George spun round to see if there was any other way out. Of course, there wasn’t. Behind him were a number of other soldiers in the same black armour as Khilliarkos, the man who had captured him, though without the spiked shoulders and horns. They were all holding longbows notched with arrows, which were pointed right at George and the other prisoners. The message was clear: If they tried to escape, or didn’t choose a weapon to fight one another, they would be shot.

The other men were already dashing towards the weapons. As soon as George realised this he ran as fast as he could towards the barrier, ignoring the pain in his chest and limbs, trying as hard as he could to tune it out.
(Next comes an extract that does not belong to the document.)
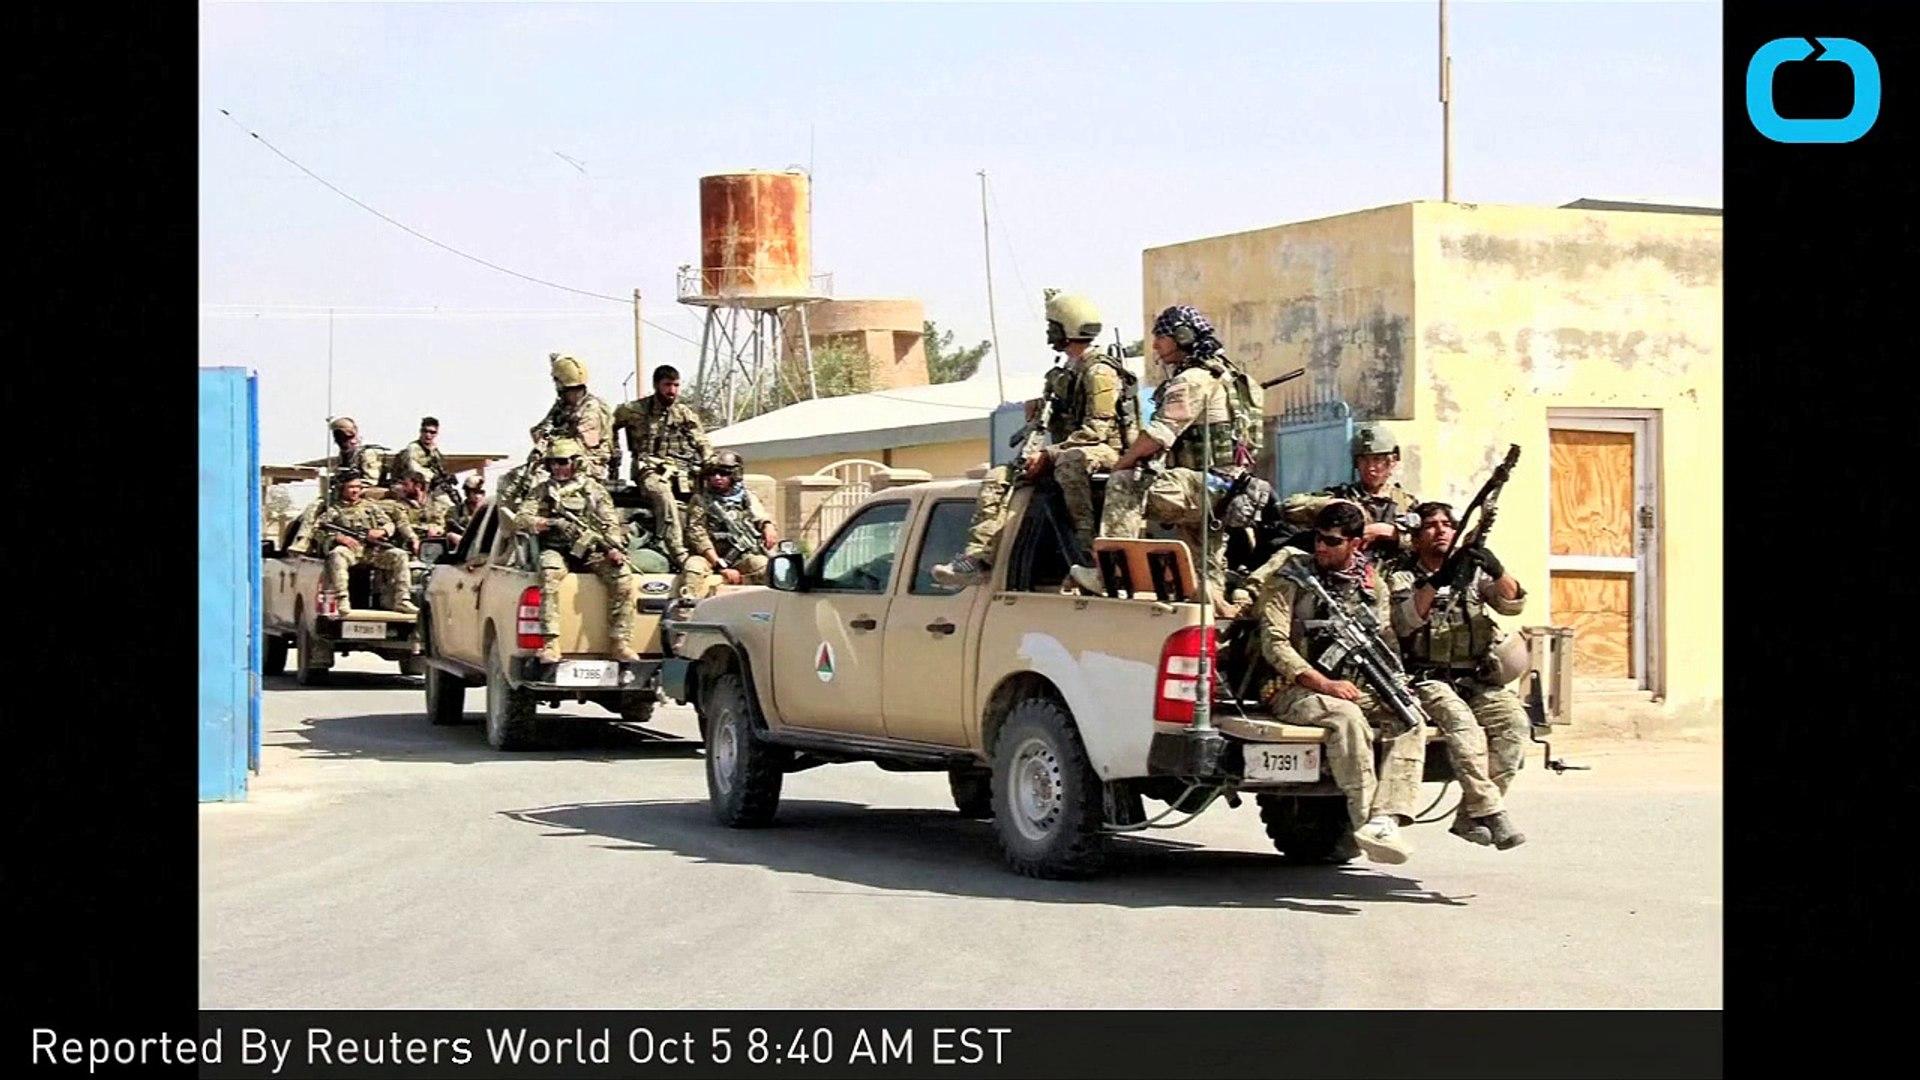 Afghan Forces Called for Air Strike in Kunduz: U.S. General

Some of the others got there first and broke away with the weapons they had picked up, but one of them stayed by the rack of weapons, trying with a huge mace to stop anyone else near him from picking anything up. George stayed out of his way and grabbed the first weapon he came to, a short sword, and then tried to put as much distance between the rack and himself as possible, without getting too close to the archers. As he glanced back behind him, George saw someone cut down the mace-wielder with a horrifying gash to the back from a longsword. He felt as if he was going to be sick. The crowd went mad with noise. George picked out a few calls from close by in the front row.

“Kill! Let’s see some more blood!”

“Chase the stragglers! Don’t let them get away!”

“Break their bones! Spill their guts!”

The rest of the men reached the wall and selected their weapons too. They began to fight with one another with the wild frenzy of people who have nothing to lose, who have no family or friends, no life to go back to, just the single, driving will to stay alive. Kill or be killed.   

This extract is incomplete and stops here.